You are invited to post with us during and after the ppv.


----------



## NikosCC (May 16, 2007)

You trying to steal our Posters TBF lol nah this is going to be a great card. One of m friends is the preliminary fight Danny "Swift" Garcia.


----------



## Terry77 (Jan 5, 2007)

NikosCC said:


> You trying to steal our Posters TBF lol nah this is going to be a great card. One of m friends is the preliminary fight Danny "Swift" Garcia.


Cool shit

Hopkins just can't fade in this one, I think he can shut down Pavlik's 1-2. Pavlik won't be as fast at 170 and I doubt Hopkins will get in a barn burner with him.


----------



## truebluefan (Oct 22, 2007)

http://www.boxingforum.com/boxing-u...y-pavlik-vs-bernard-hopkins-10-18-08-hbo.html

Being discussed as the ppv goes on.


----------



## NikosCC (May 16, 2007)

Hopkins Won UD


----------



## Terry77 (Jan 5, 2007)

This really erases the perfomance against Calzaghe. Hopkins pwned Pavlik


----------



## MLS (Jul 18, 2007)

That erases the Calzaghe loss and both loses to Taylor.


----------



## ShadyNismo (Jun 18, 2007)

truebluefan said:


> http://www.boxingforum.com/boxing-u...y-pavlik-vs-bernard-hopkins-10-18-08-hbo.html
> 
> You are invited to post with us during and after the ppv.
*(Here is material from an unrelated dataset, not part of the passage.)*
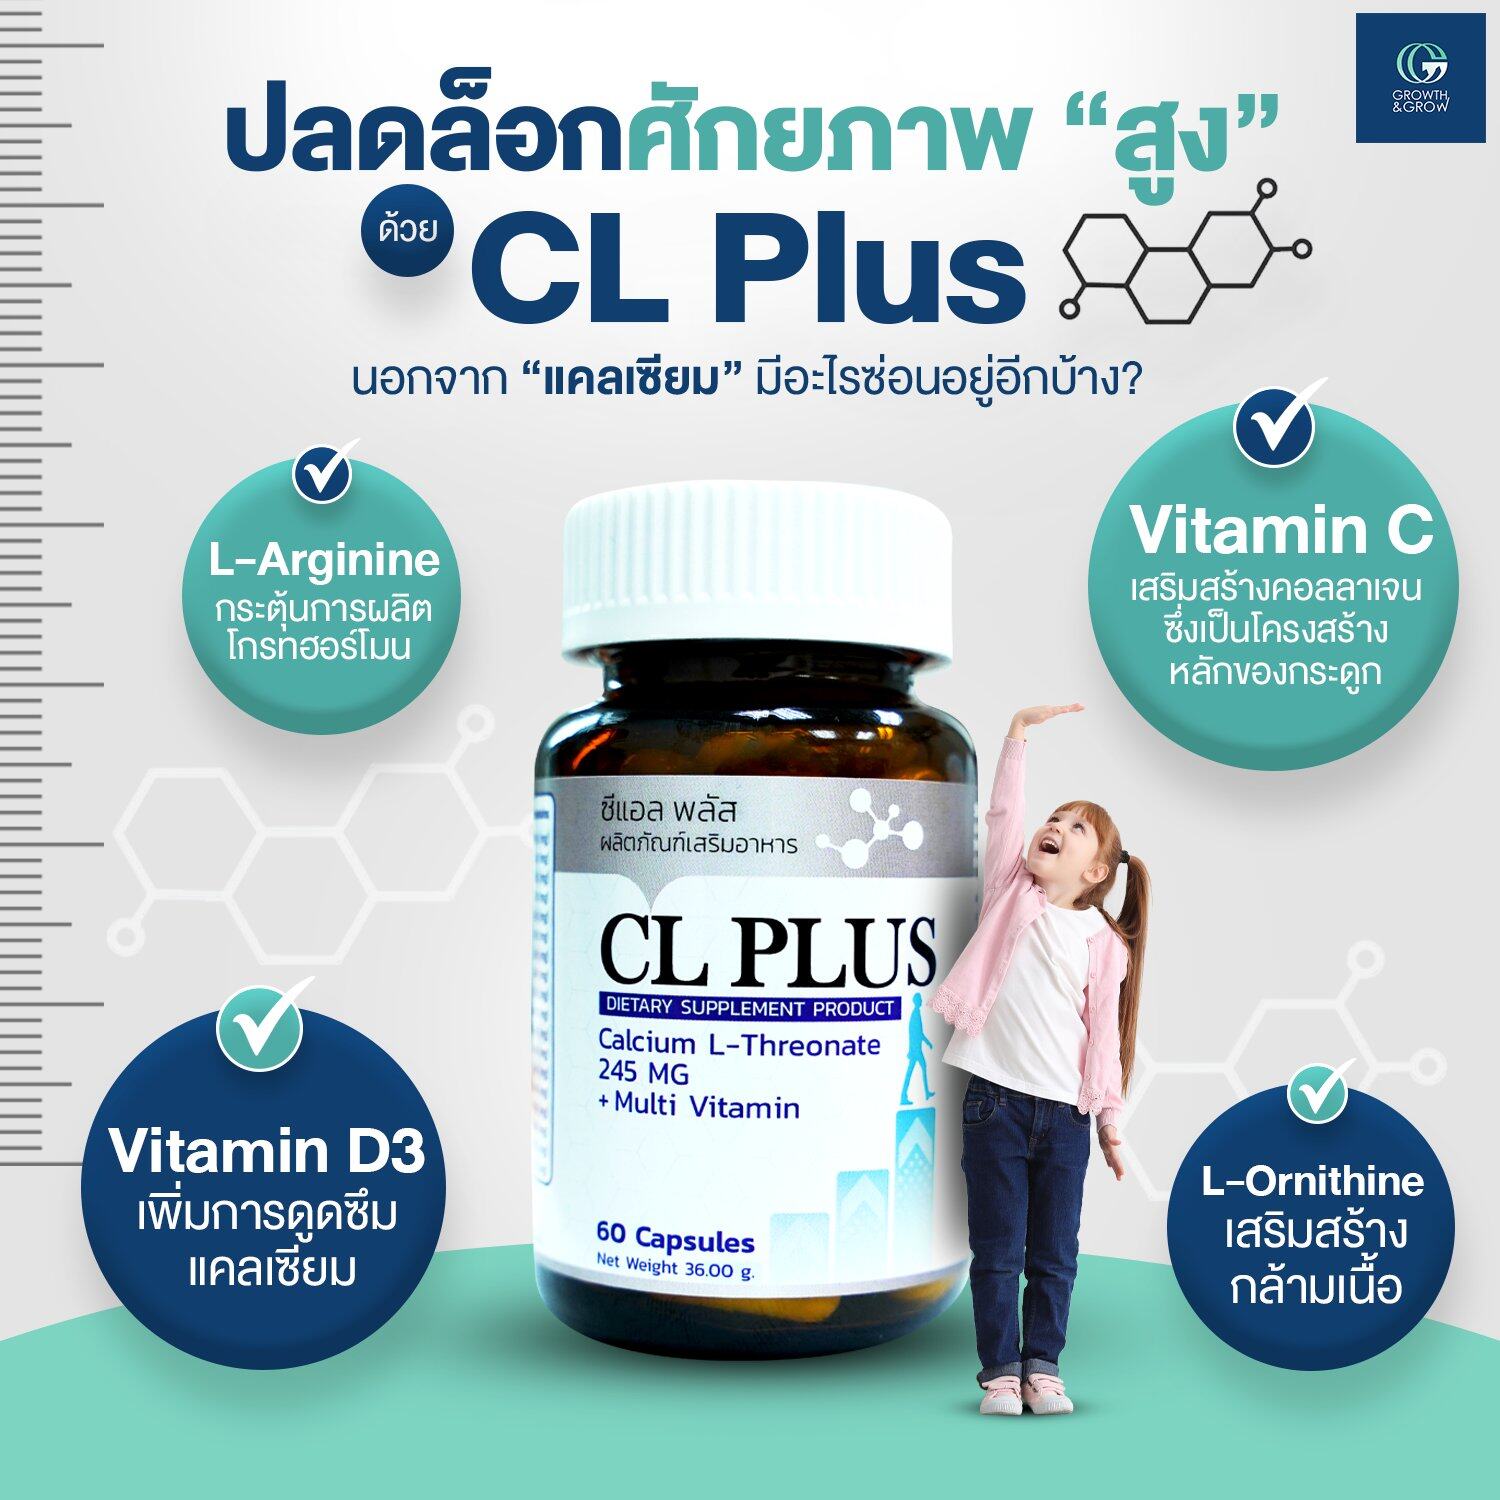 ซีแอล พลัส CL Plus ผลิตภัณฑ์เสริมอาหาร แคลเซียมสูตรของคลินิกพัฒนาการส่วนสูง Growth & Grow Medical Center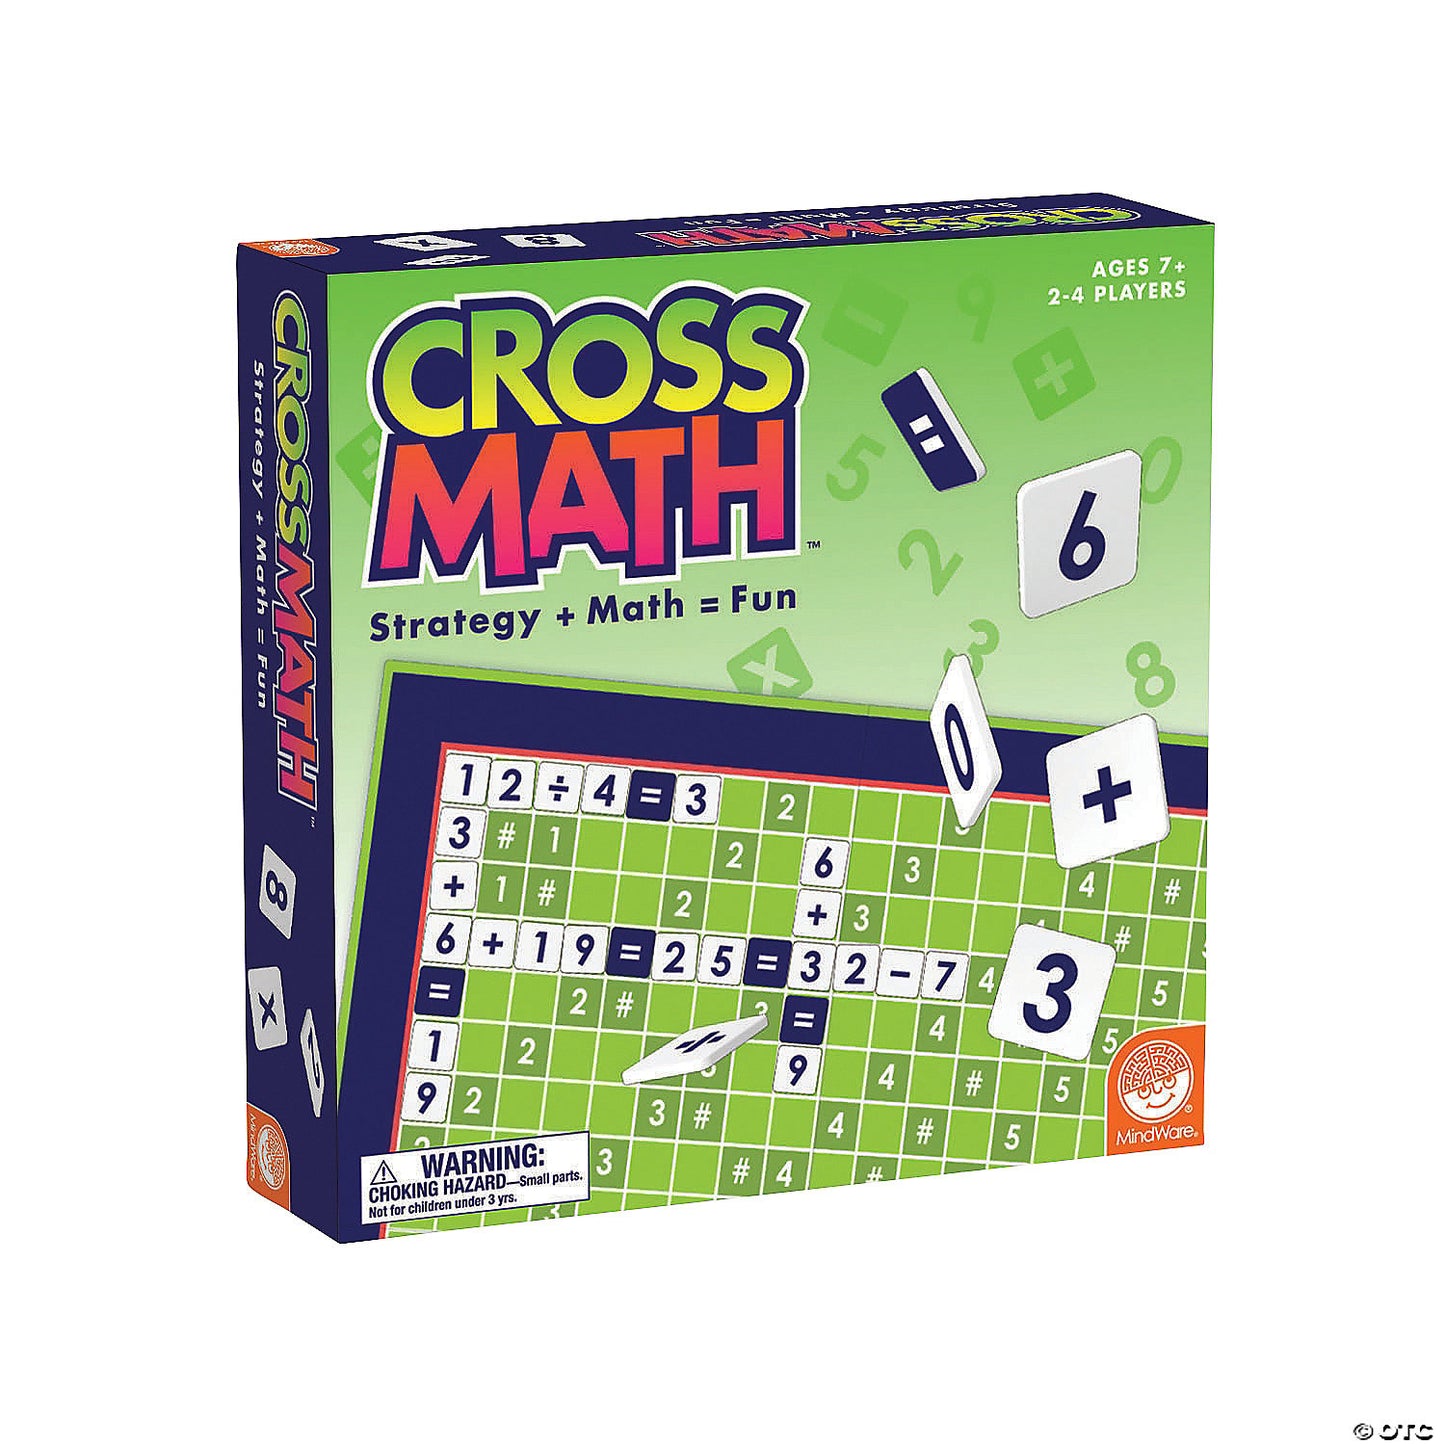 Cross Math Strategy + Math = Fun

dam dude ur a Admin in both forums? mad props man lol


----------



## NikosCC (May 16, 2007)

ShadyNismo said:


> dam dude ur a Admin in both forums? mad props man lol


Lol TBF is the manager of All Forums he is signed up to every forum at the bottom of the site.


----------



## brownpimp88 (Jun 22, 2006)

Bernard Hopkins was amazing. I've always respected him for how he carries himself out of the ring and how smart of a fighter he is, but he disappointed in the Calzaghe fight. Last night was just amazing. As a fan of them both, I was pretty happy with what happenend.


----------



## ShadyNismo (Jun 18, 2007)

NikosCC said:


> Lol TBF is the manager of All Forums he is signed up to every forum at the bottom of the site.


hahaah i did not know that, lets keep this between us lol. :confused05:


----------